For centuries, goods were sold through auctions and barter systems based on the type of the product and their demand in the market. Products that were in high demand but were low in supply were sold through auctions, these include seasonal unique items, art, etc. And barter systems for more commonly traded goods, where the price of an item was negotiated between an individual buyer and seller.


The pricing system was replaced by the concept of fixed pricing (Posted prices) around the mid-19th century, though there is some discrepancy as to who exactly invented it. But it was sometime between 1845 - 1861, that along with the industrial revolution at its peak, having fixed prices became a necessity to increase the efficiency of the selling process.

However, efficiency doesn’t always guarantee the highest profits, Profits are maximized when each customer is charged according to their Willingness to Pay. And it took us more than a century to realize that the concept used by our forefathers is the best one but it needs to be more efficient.

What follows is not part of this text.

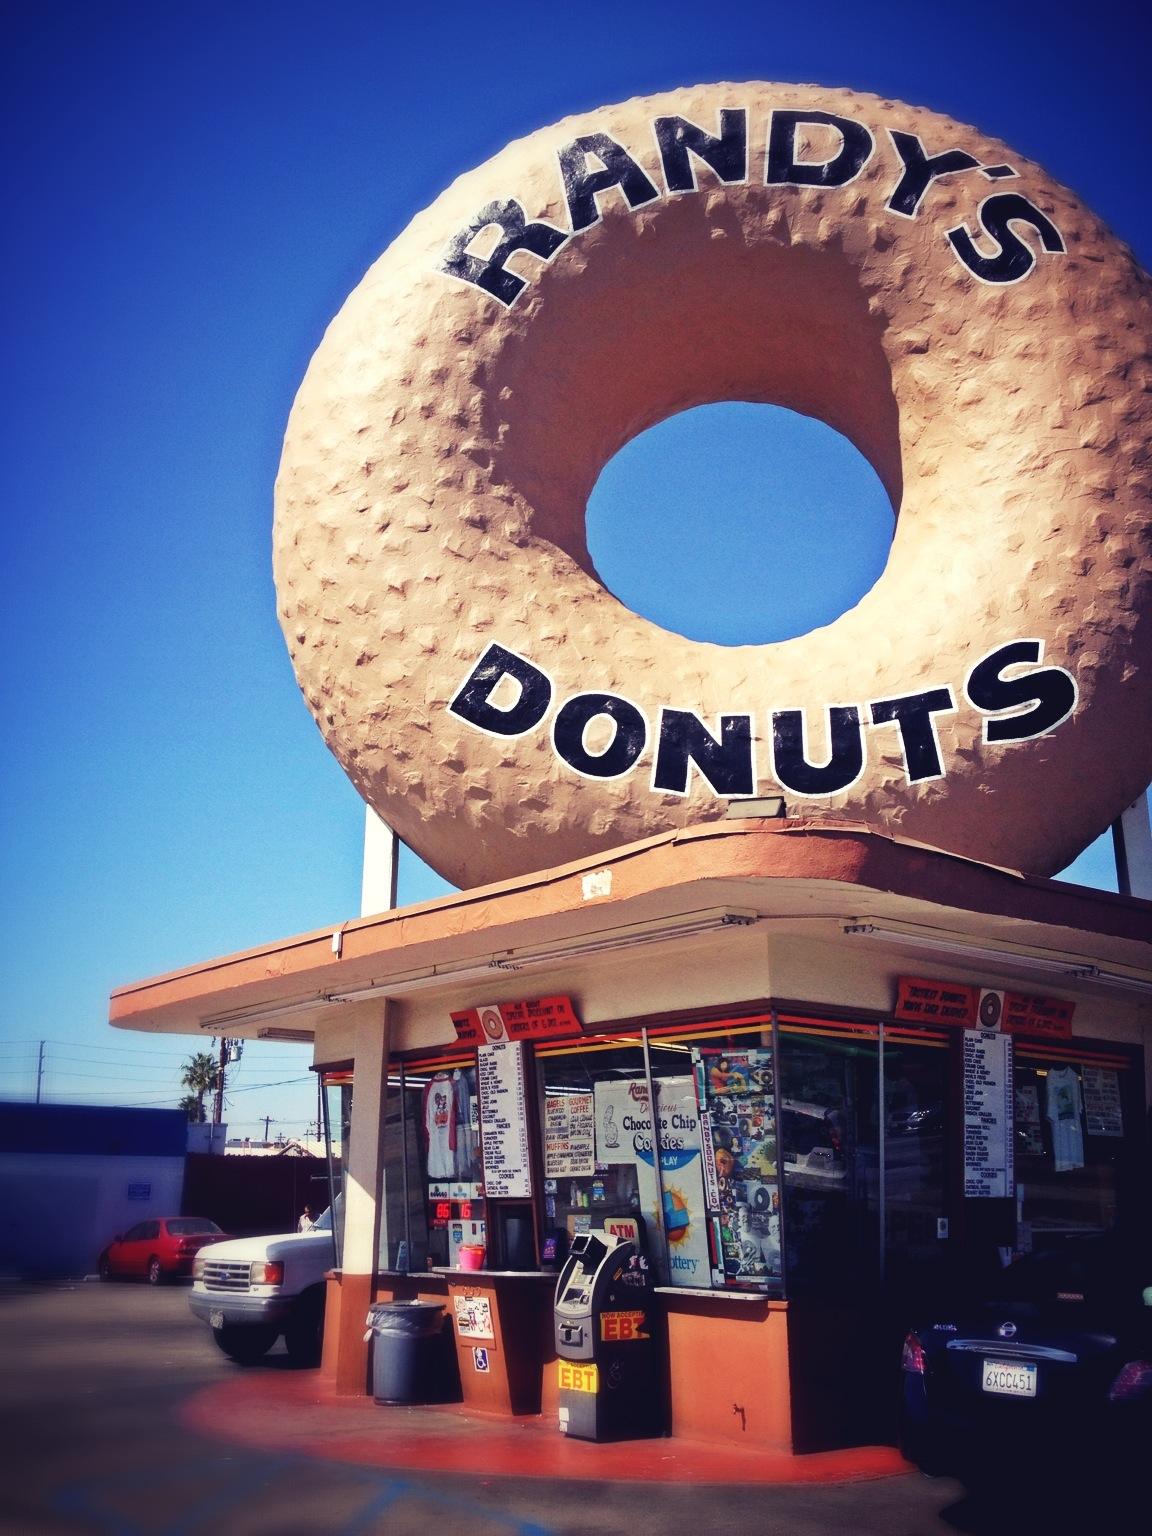 Randys Donuts

With the help of technology, in the 1980s came the reshaped version of the barter system as Dynamic pricing. It was pioneered by the airline and tourism industries. In recent times, online retailers have also adopted dynamic pricing, with giants like Amazon leading the way.




Are you leaving money on the table?


Traditional ways of setting product pricing involve a lot of intuition (your own or your competitors'), and some mix of cost price + margin (that you think the customer is willing to pay for the value you add). And sometimes it does work! - but is that all the money or are you leaving some on the table?


Putting in the time and effort required to get your product pricing right and optimizing your pricing strategy, you’ll end with significantly more revenue than your competitors who treat pricing more passively.


Pricing of a product is not just the monetary value generated by it but an indication of multiple factors like how much you value your brand, your product, and your customers to your potential customers.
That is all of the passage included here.